Doch selbst wenn die traditionellen Anbieter auf Kosten der Spezialisten ihre Marktanteile vergrößern, wird es nach Ansicht von Newquist für diese Herstellergruppe nicht das "Aus" bedeuten. Neue Arbeitsfelder zeichneten sich schon jetzt ab, der Entwicklungsbereich dehne sich immer weiter aus und damit steige auch die Nachfrage nach spezialisierteren Rechnern.

Symbolics-Marektingleiter Heiko Flaspöhler sieht deshalb den Konkurrenzdruck von seiten der traditionellen Hersteller langfristig nicht als echte Gefahr: "Das auf Universalrechner abgestimmte KI-Angebot ist noch ziemlich schwach auf der Brust. Vieles, was heute als reales Produkt angeboten wird, ist eigentlich noch Zukunftsmusik." Seiner Ansicht nach ist das rege Interesse der etablierten DV-Unternehmen vor allem auf die Marktsättigung des Hardware-Bereichs zurückzuführen, die das Erschließen neuer Geschäftsfelder notwendig macht.

Das Jahresbudget der MCC beläuft sich laut EDP Report Deutschland des Marktforschungsinstituts International Data Corporation (IDC) auf 60 bis 75 Millionen Dollar; beschäftigt sind rund 170 Mitarbeiter. Ähnlich wie beim japanischen Computerprojekt der fünften Generation stehen auch bei der MCC die Bereiche KI-Forschung und Parallelarchitektur an erster Stelle der Prioritätenliste.

Unabhängig von dieser privatwirtschaftlichen Initiative forciert das US-Verteidigungsministerium die "Strategic Computer Initiative" (SCI), in deren Rahmen ebenfalls eine neue Computergeneration entwickelt werden soll. Letztes Jahr stellte das Ministerium nach Angaben der IDC dafür rund 95 Millionen Dollar zur Verfügung, für 1986 sind vorläufig 120 Millionen Dollar angesetzt.

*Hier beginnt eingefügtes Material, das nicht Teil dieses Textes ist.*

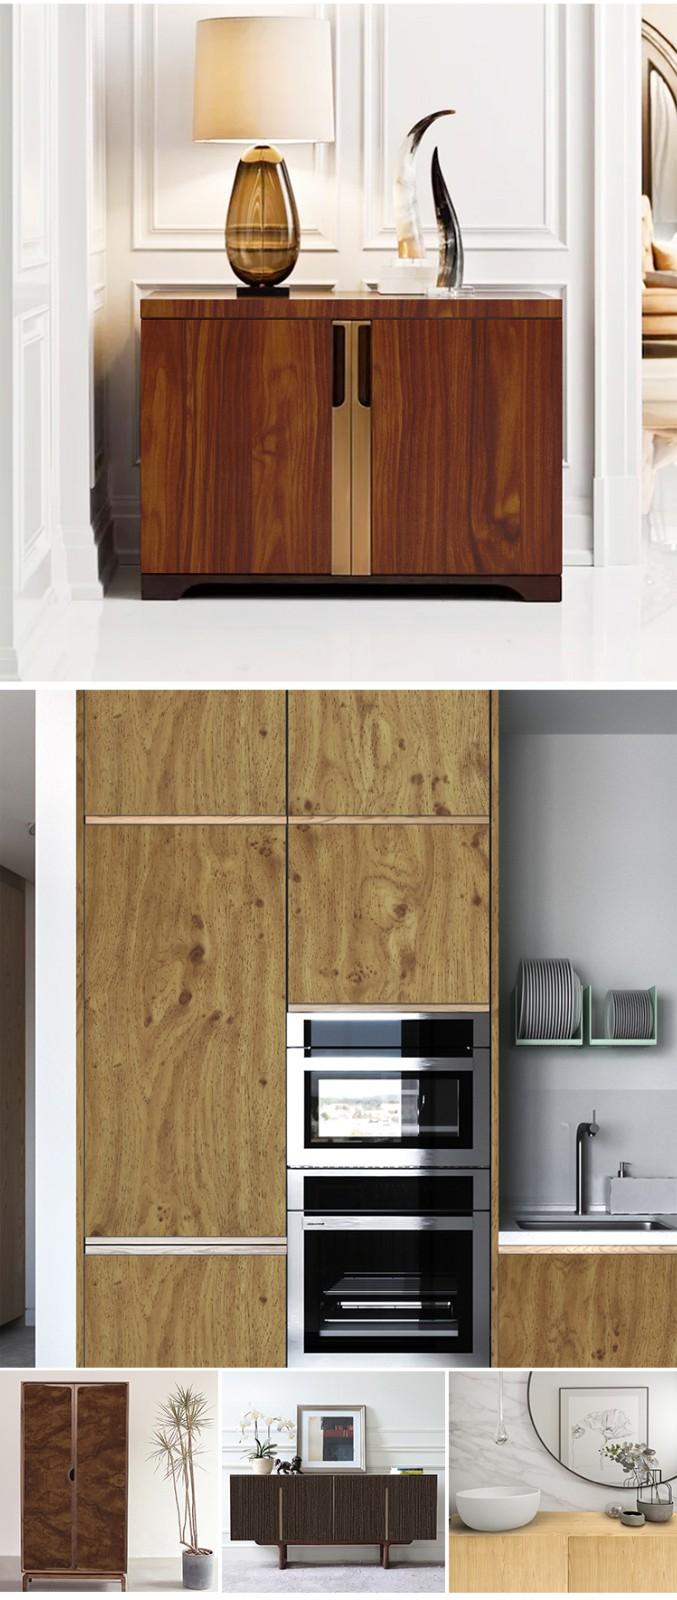 SUNYE wood grain look contact paper directly sale bulk buy-5

Gemeinsame Grundlagenforschung

Das KI-Engagement der konventionellen Anbieter wird auch in der Idee der Microelectronics and Computer Technology Corporation (MCC) deutlich. Innerhalb dieser Initiative des Control-Data-Gründers William Norris betreiben 18 amerikanische High-Tech-Unternehmen gemeinsam Grundlagenforschung zur Entwicklung einer neuen Computergeneration.

Mitglieder sind unter anderem Advanced Micro Devices (AMD), Boeing, Control Data, Digital Equipment, Eastman Kodak, Gould, Harris, Honeywell, Martin Marietta, Mostech, Motorola, National Semiconductor, NCR, RCA, Rockwell und Sperry. Jedes Mitglied hält einen Anteil im Wert von einer Million Dollar an MCC und stellt eine Person für den Vorstand.